Organized crime is out of control in America after many communities suffer the consequences of the Democrat-led campaign to defund police departments around the nation. However, in one California community, with the introduction of their first LGBTQ police chief who is concerned with the Community’s needs for social justice- and relationships, things are not going so well for law-abiding folks.
Key Point: Walnut Creek, California, was the target of several leftist anti-police movements in the Spring of 2021. The Police department faced numerous lawsuits by leftist groups for police action during the George Floyd Riots and calls for reform. Answering the demands for reforms from Black Lives Matter groups, the city installed a homosexual police chief who is focused on LGBTQ concerns.

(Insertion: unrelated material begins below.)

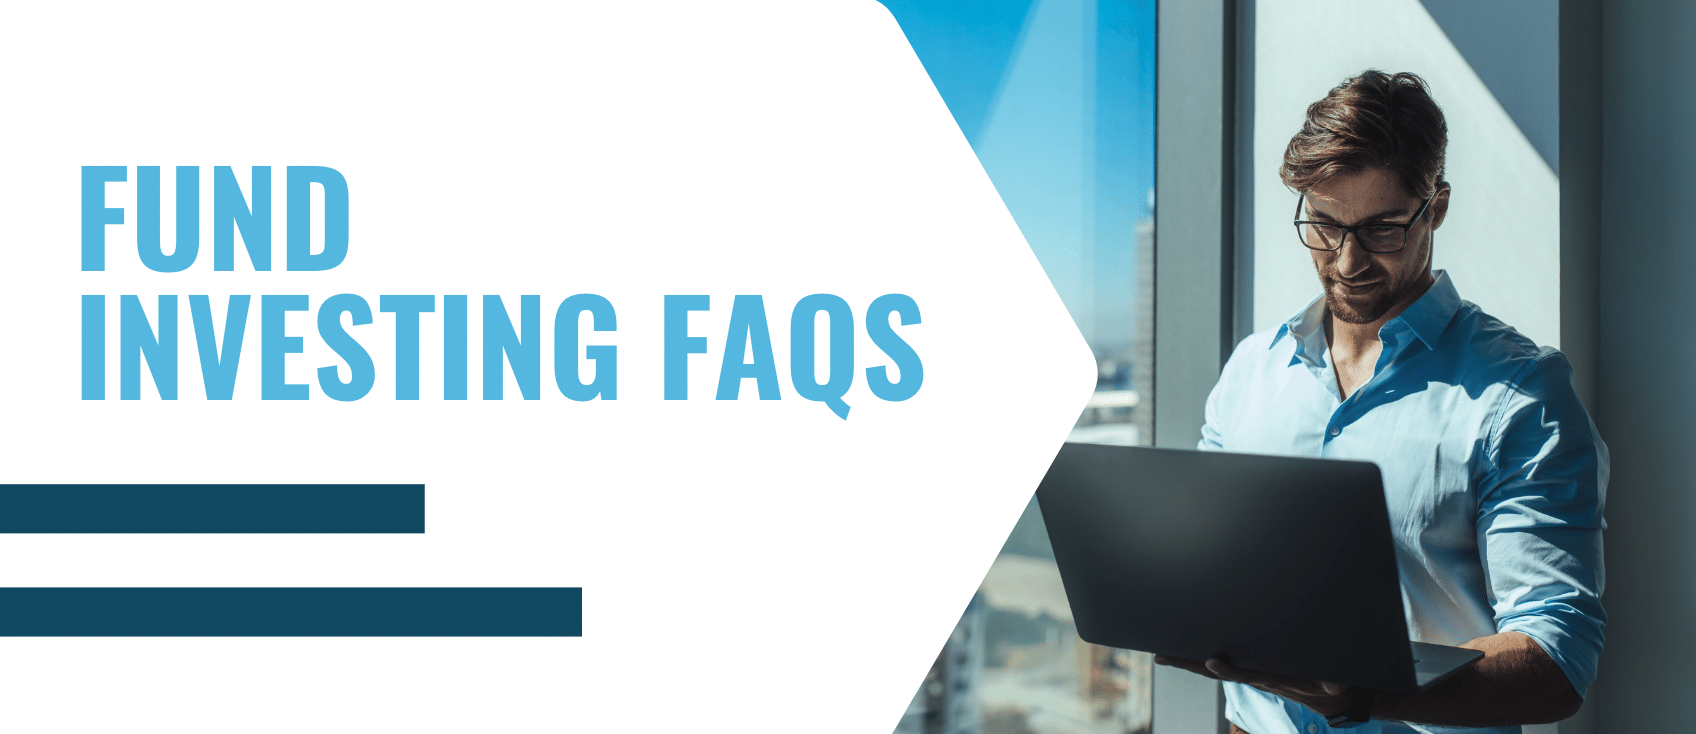 Fund Investing FAQ's
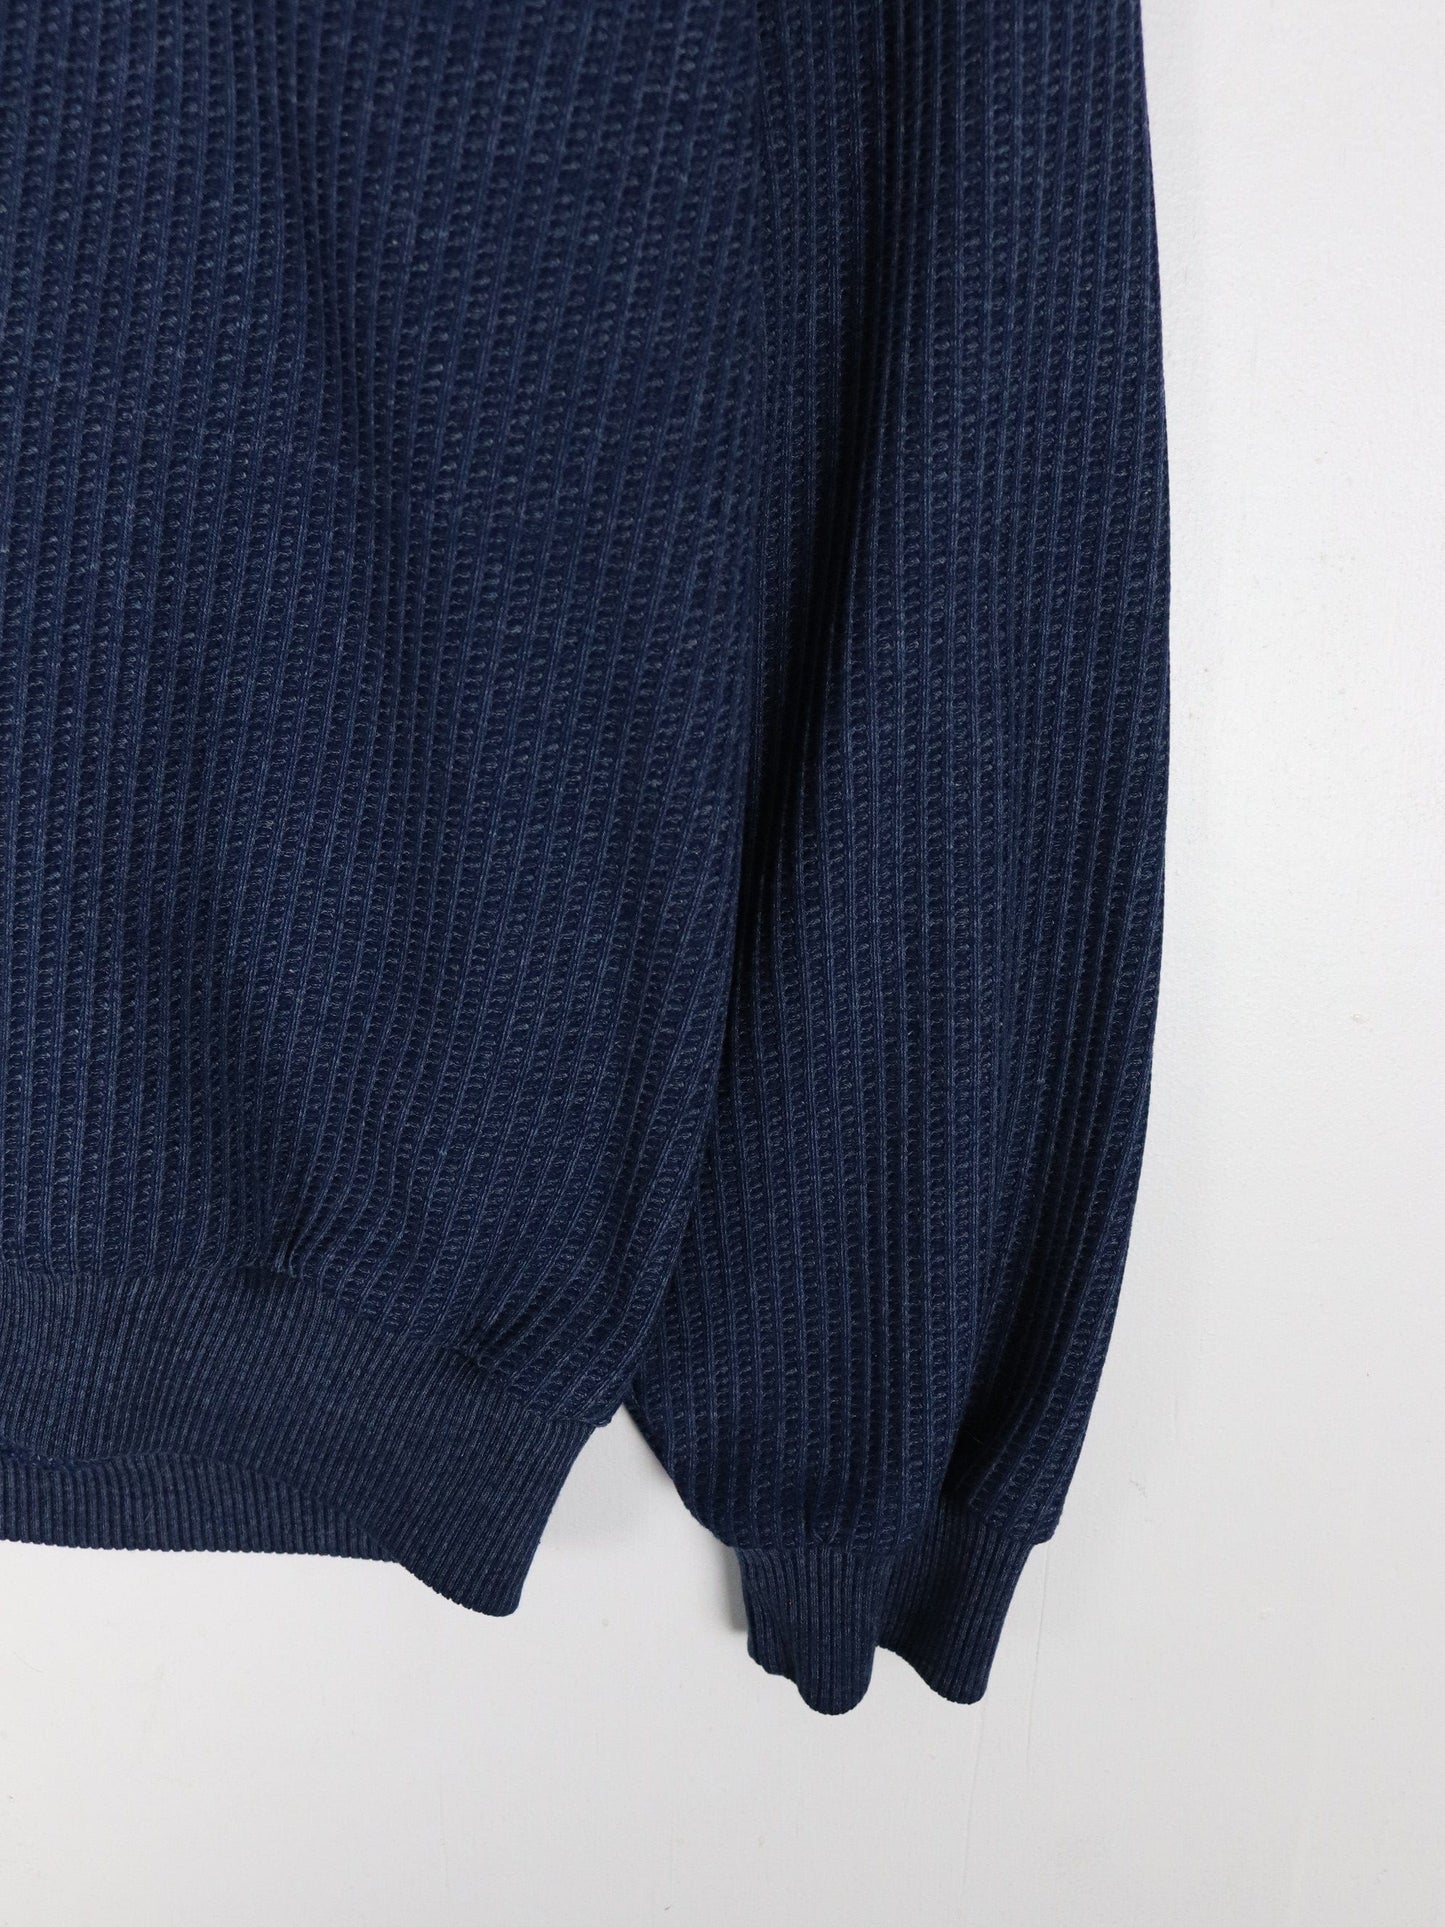 Other Knitwear Vintage Knights Bridge Sweater Mens Medium Blue Quarter Zip

Here is the story of how one law-abiding, paying customer was caught in the middle of a frightening crime spree Saturday night.
Dozens of looters swarmed into the Nordstrom store in downtown Walnut Creek Saturday night, terrorizing shoppers, ripping off bag loads of merchandise and ransacking shelves before fleeing in a several vehicles waiting for them on the street.
Walnut Creek Lt. Ryan Hibbs told KPIX 5 that police began receiving calls about the looting at around 9 p.m. He said there were approximately 80 individuals who ran into the store and began looting and smashing shelves.
Based on an eyewitness report, the looting appears to be very organized:
“I was in Nordstrom trying on shoes when this happened. It was absolutely terrifying. Two security started running in the store screaming ‘STOP’, 20 seconds later the large groups of people dressed in all black ran in the store straight to the designer bag section.
There was just lots of screaming. Customers were ruining out. I had to quickly get myself together while others helped me pick up my belongings. We didn’t know if they were going to start shootings or what. Crazy night,” a Norstrom customer posted on Twitter about Saturday’s organized looting of the store.
Jodi Hernandez posted footage of part of the scene from outside:
“Dozens of looters descended on a Nordstrom store and stole merchandise Saturday night in a raid that was over within a minute, police in Walnut Creek, California said.
Approximately 80 people rushed into the store in the city’s Broadway Plaza, a spokesperson for the Walnut Creek Police Department told NBC News.
They said that one employee was pepper sprayed, and two others were punched and kicked. All three sustained minor injuries, and were treated and released at the scene, they added.
The suspects were in and out of the store, which was open at the time, within a minute, the spokesperson said, adding that an undetermined amount of merchandise was taken.
Jodi Hernandez, a reporter with NBC Bay Area, was near the store when the raid took place. She tweeted that about 25 cars blocked the street during the incident.
People in the cars rushed into the store and jumped back into their cars before speeding away with goods, she said.
RESPONSE FROM THE LGBTQ POLICE CHIEF
Reforms do not seem to be effective if the focus is on stopping crime.
In August, Mercury news reported on the change in attitude for the police department, and the focus on the sexuality of the top law enforcement officer, instead.
“WALNUT CREEK — In an effort to more closely reflect the city’s demographics and seek a broader “diversity of thought,” Walnut Creek’s new police chief says he wants to recruit officers who bring a different perspective to law enforcement.
Jamie Knox, who officially started his job last week, points to himself as an example of someone who brings a new approach to the job.”
“There are not a lot of openly gay males in law enforcement, so there’s not a lot of role models for the LGBT community as a whole.”
Knox was most recently a San Leandro police captain and before that worked for the Novato Police Department from 2015 to 2017.
LISTENING TO THE NEEDS OF THE COMMUNITY FOR DIVERSITY
According to a press statement about Knox’s September swearing-in, Knox is good at relationships. “The chief of police is one of the most visible positions in any city operation, one that almost always is in the spotlight and one that works best when the chief has a strong connection not just to the women and men who serve with them, but to the community as well,” Wilk said. “As my fellow councilmembers and I have gotten to know chief Knox, he’s demonstrated that ability to easily form connections. Anybody who has met him has realized that.”
Wilk added: “Police work is more than just responding to 911 calls and enforcing the law. It’s about enhancing public safety and listening to the needs of the Community.. a community resource officer. We’re lucky to find somebody who will do that and more.”